0
0
AirflowComparisonBeginner · 4 min read

XCom vs External Storage in Airflow: Key Differences and Usage Guide

Use XCom in Airflow for small, simple data sharing between tasks within the same DAG run. Choose external storage like S3 or databases when handling large data, files, or when data needs to persist beyond DAG execution or be shared across DAGs.
⚖️

Quick Comparison

This table summarizes the main differences between XCom and external storage in Airflow.

FactorXComExternal Storage
Data SizeSmall (usually under 48KB)Large (files, big datasets)
Data TypeSimple Python objects (serialized)Any type (files, blobs, structured data)
PersistenceTemporary, tied to DAG runLong-term, independent of DAG runs
AccessibilityWithin same DAG run tasksAcross DAGs, external systems, or users
Performance ImpactCan slow scheduler if overusedNo impact on Airflow metadata DB
Use CasePassing small flags, IDs, or resultsStoring logs, large outputs, or shared data
⚖️

Key Differences

XCom (short for cross-communication) is designed for passing small pieces of data between tasks in the same DAG run. It stores data in Airflow's metadata database, which means it is limited in size (default max 48KB) and should only hold simple Python objects that can be serialized. Because XCom data is stored in the Airflow database, overusing it with large data can slow down the scheduler and cause performance issues.

On the other hand, external storage refers to using outside systems like Amazon S3, Google Cloud Storage, databases, or file servers to store data. This method is suitable for large files, datasets, or any data that needs to persist beyond the life of a DAG run or be shared across multiple DAGs or workflows. External storage does not affect Airflow's internal database performance and can handle any data type or size.

In summary, XCom is best for lightweight, temporary data sharing within a DAG, while external storage is ideal for heavy, persistent, or cross-DAG data needs.

⚖️

Code Comparison

Here is an example of passing a small value between tasks using XCom in Airflow.

python
from airflow import DAG
from airflow.operators.python import PythonOperator
from datetime import datetime

def push_function(ti):
    ti.xcom_push(key='sample_key', value='Hello from XCom')

def pull_function(ti):
    message = ti.xcom_pull(key='sample_key', task_ids='push_task')
    print(f"Received message: {message}")

default_args = {'start_date': datetime(2024, 1, 1)}

dag = DAG('xcom_example', default_args=default_args, schedule_interval='@once')

push_task = PythonOperator(
    task_id='push_task',
    python_callable=push_function,
    dag=dag
)

pull_task = PythonOperator(
    task_id='pull_task',
    python_callable=pull_function,
    dag=dag
)

push_task >> pull_task
Output
Received message: Hello from XCom
↔️

External Storage Equivalent

This example shows how to write and read data using external storage (local file system) in Airflow tasks.

python
from airflow import DAG
from airflow.operators.python import PythonOperator
from datetime import datetime
import os

def write_to_file():
    with open('/tmp/airflow_data.txt', 'w') as f:
        f.write('Hello from external storage')

def read_from_file():
    with open('/tmp/airflow_data.txt', 'r') as f:
        content = f.read()
    print(f"Read content: {content}")

default_args = {'start_date': datetime(2024, 1, 1)}

dag = DAG('external_storage_example', default_args=default_args, schedule_interval='@once')

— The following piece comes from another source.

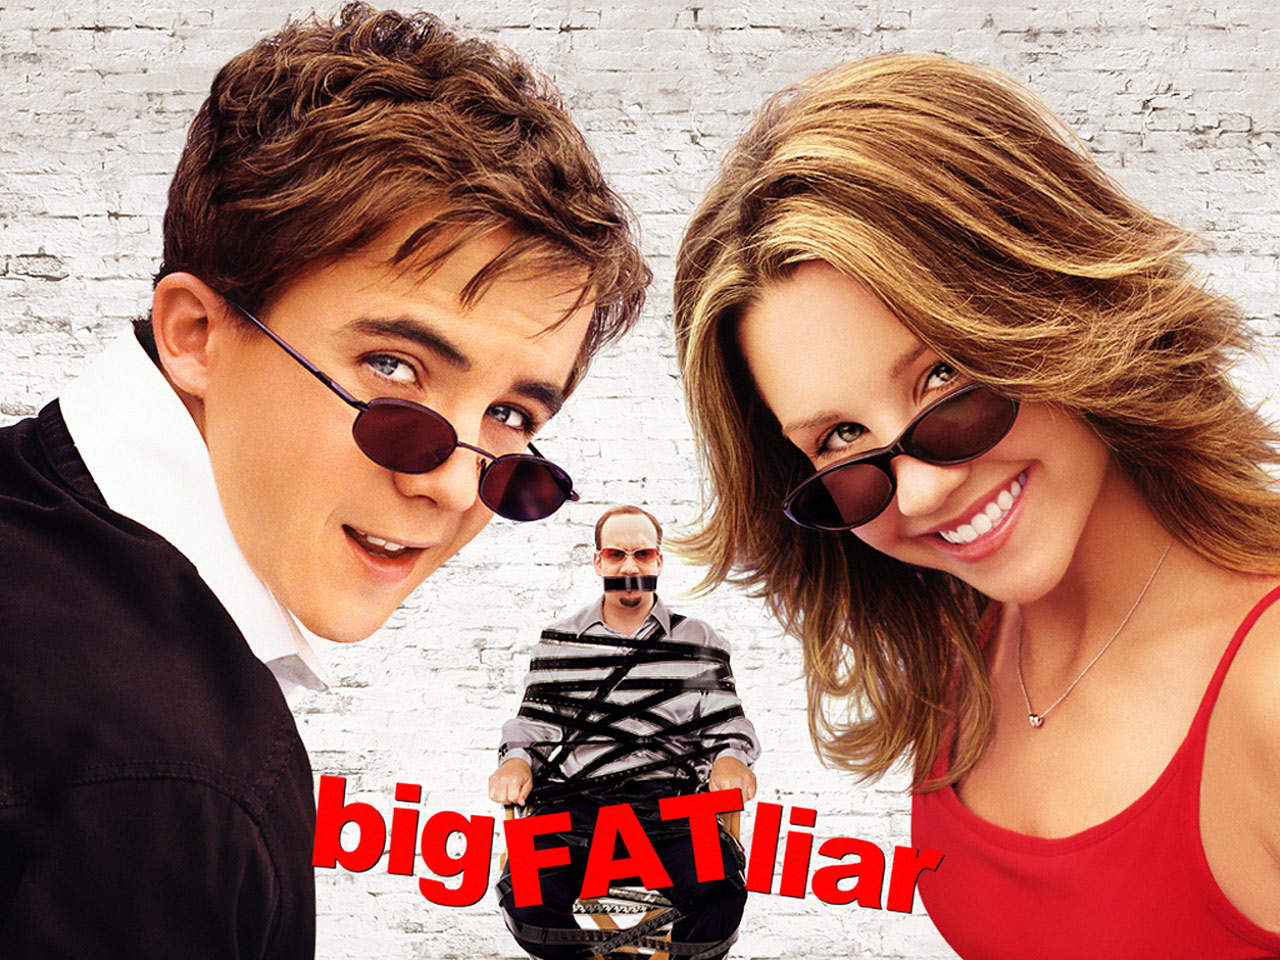 http://4.bp.blogspot.com/-bPn44K-1Z3c/TxRfZ6FdtTI/AAAAAAAABh0/KWWuNGoRtTs/s1600/Big_Fat_Liar%25252C_2002%25252C_Frankie_Muniz%25252C_Amanda_Bynes.jpg

write_task = PythonOperator(
    task_id='write_task',
    python_callable=write_to_file,
    dag=dag
)

read_task = PythonOperator(
    task_id='read_task',
    python_callable=read_from_file,
    dag=dag
)

write_task >> read_task
Output
Read content: Hello from external storage
🎯

When to Use Which

Choose XCom when:

  • You need to pass small, simple data like flags, IDs, or short strings between tasks in the same DAG run.
  • The data size is small enough to avoid performance issues (under 48KB).
  • You want quick, temporary communication without external dependencies.

Choose external storage when:

  • You need to handle large files, datasets, or complex data types.
  • The data must persist beyond the DAG run or be shared across multiple DAGs or workflows.
  • You want to avoid slowing down Airflow's metadata database or scheduler.
  • You require integration with cloud storage or databases for durability and scalability.

Key Takeaways

Use XCom for small, temporary data sharing within the same DAG run.
Use external storage for large, persistent, or cross-DAG data needs.
XCom data is limited in size and stored in Airflow's metadata database.
External storage avoids performance issues and supports any data type or size.
Choose based on data size, persistence needs, and sharing scope.